# DATA BLOCK
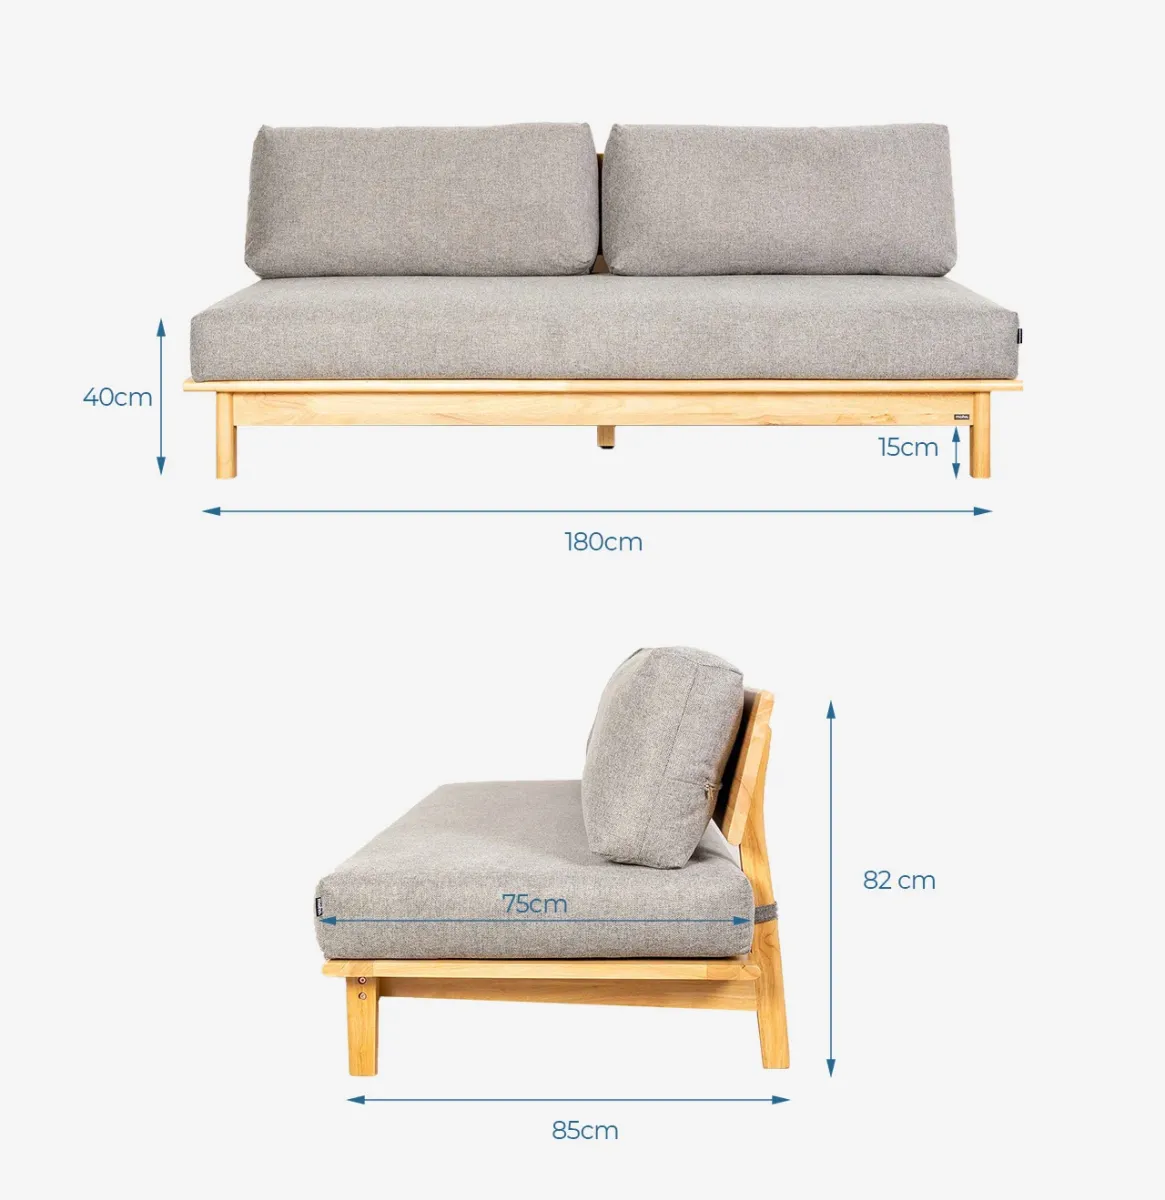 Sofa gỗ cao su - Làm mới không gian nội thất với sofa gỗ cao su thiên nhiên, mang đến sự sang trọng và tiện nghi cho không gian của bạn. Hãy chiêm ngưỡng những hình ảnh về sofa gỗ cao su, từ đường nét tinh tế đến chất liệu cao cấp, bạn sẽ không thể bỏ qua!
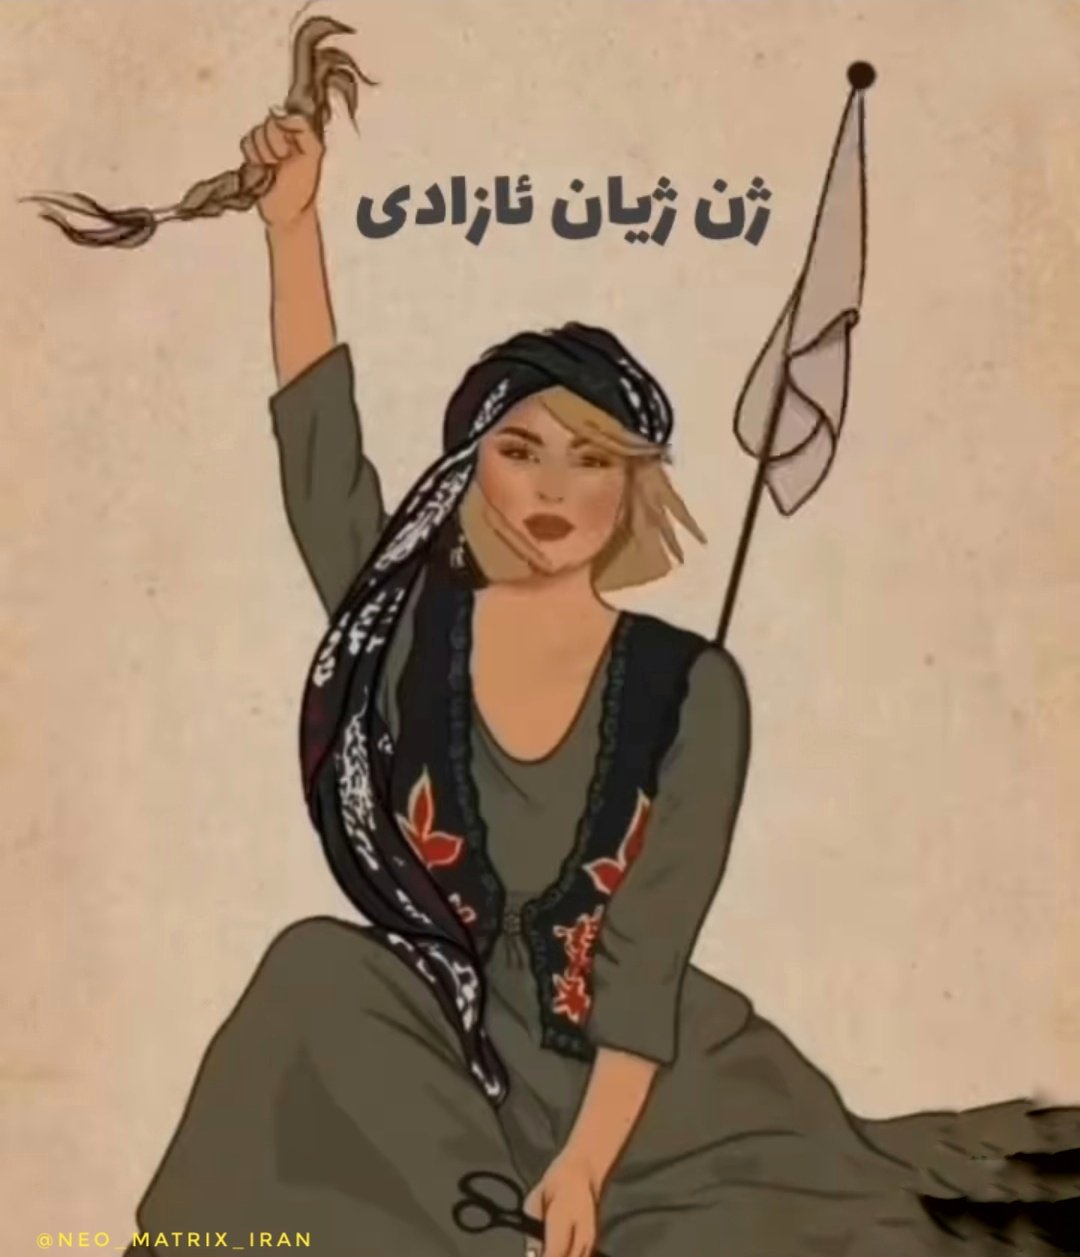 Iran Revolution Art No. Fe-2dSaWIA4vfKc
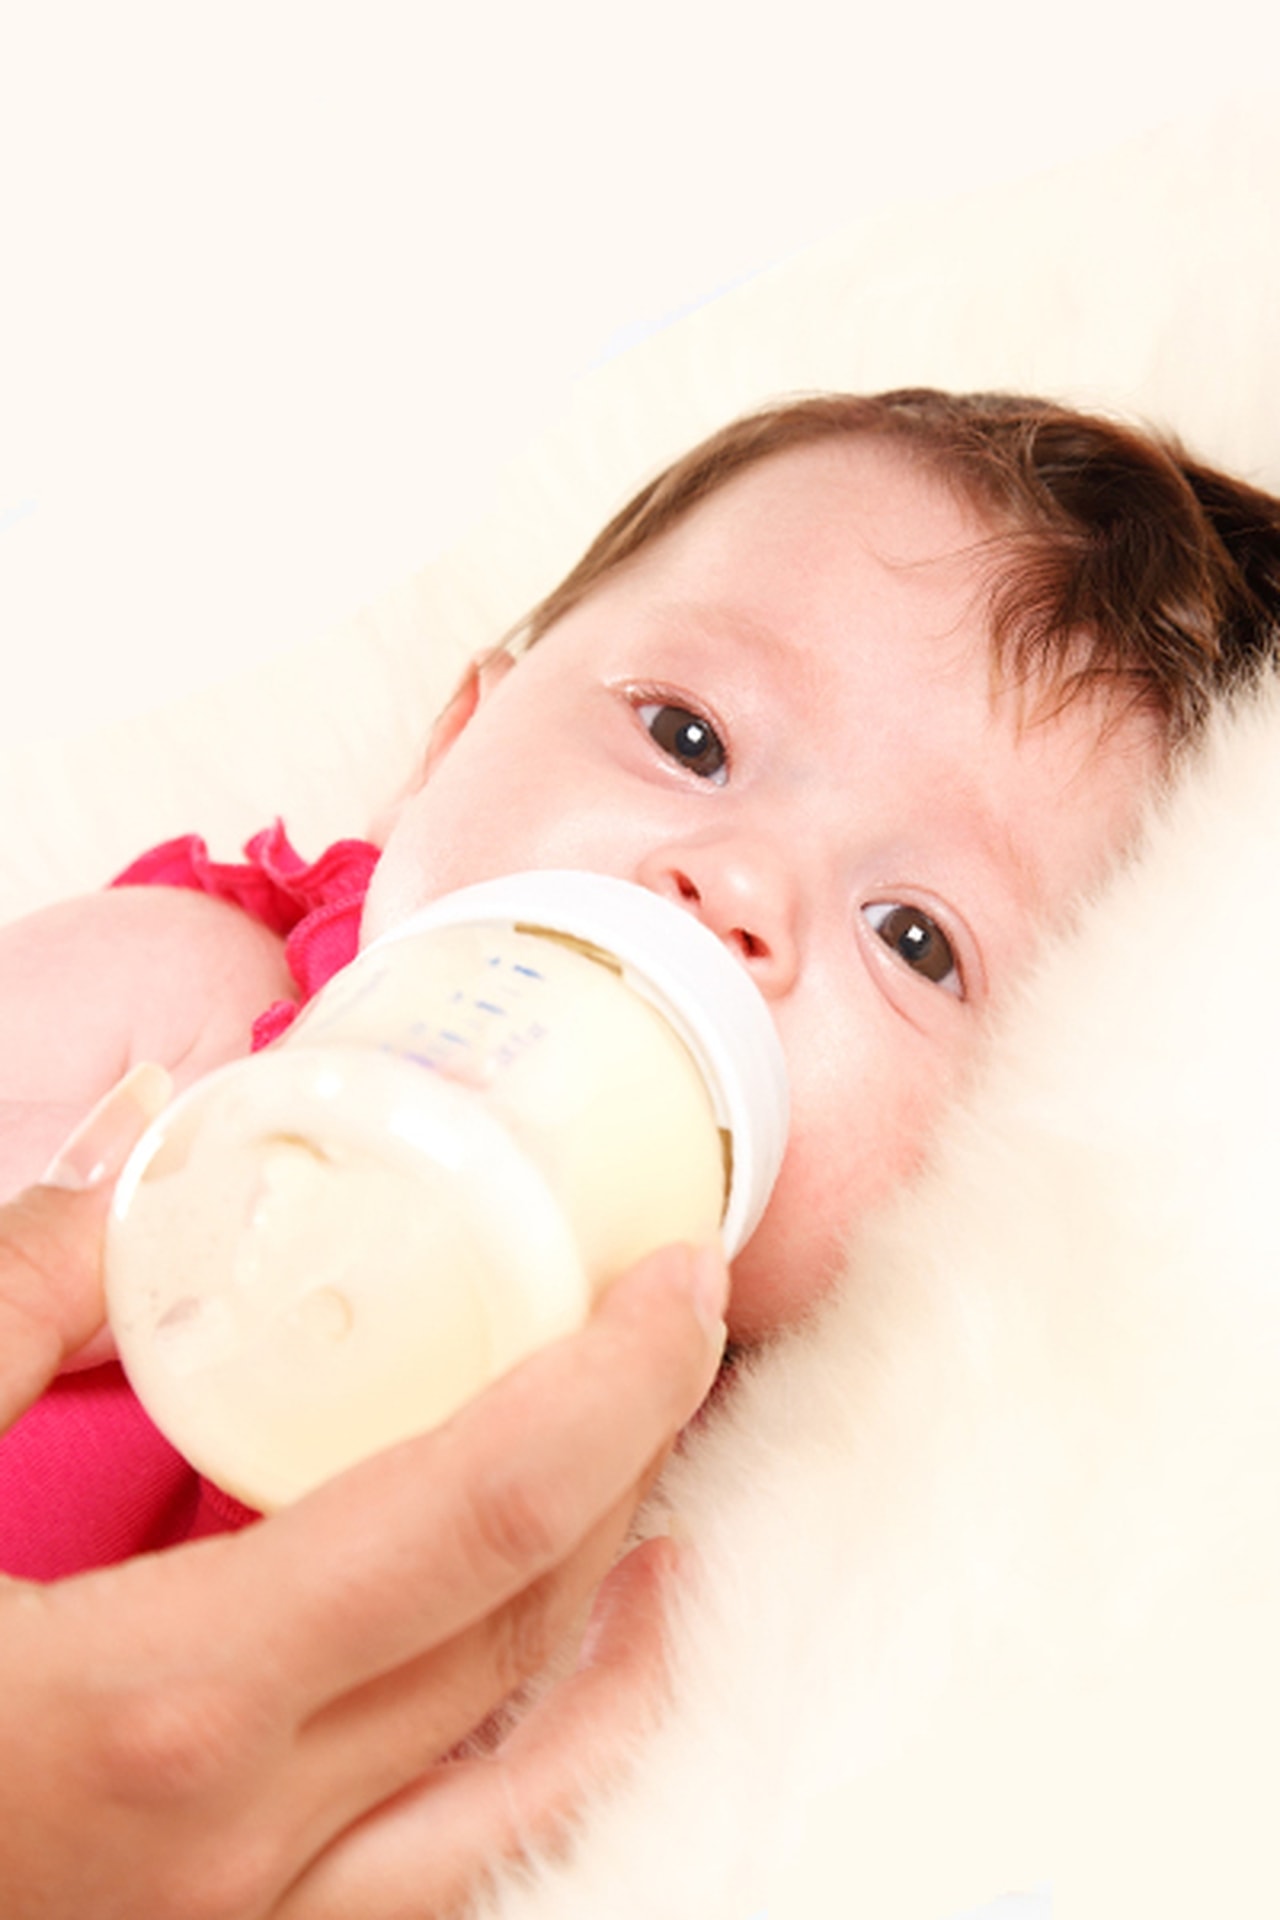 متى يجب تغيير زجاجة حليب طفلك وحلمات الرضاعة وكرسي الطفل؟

# WHAT IS NEEDED
Set down the material exactly, every line of it, except for the pictures.

# RESULT OF THE EXERCISE
 Sofa gỗ cao su - Làm mới không gian nội thất với sofa gỗ cao su thiên nhiên, mang đến sự sang trọng và tiện nghi cho không gian của bạn. Hãy chiêm ngưỡng những hình ảnh về sofa gỗ cao su, từ đường nét tinh tế đến chất liệu cao cấp, bạn sẽ không thể bỏ qua!
 Iran Revolution Art No. Fe-2dSaWIA4vfKc
 متى يجب تغيير زجاجة حليب طفلك وحلمات الرضاعة وكرسي الطفل؟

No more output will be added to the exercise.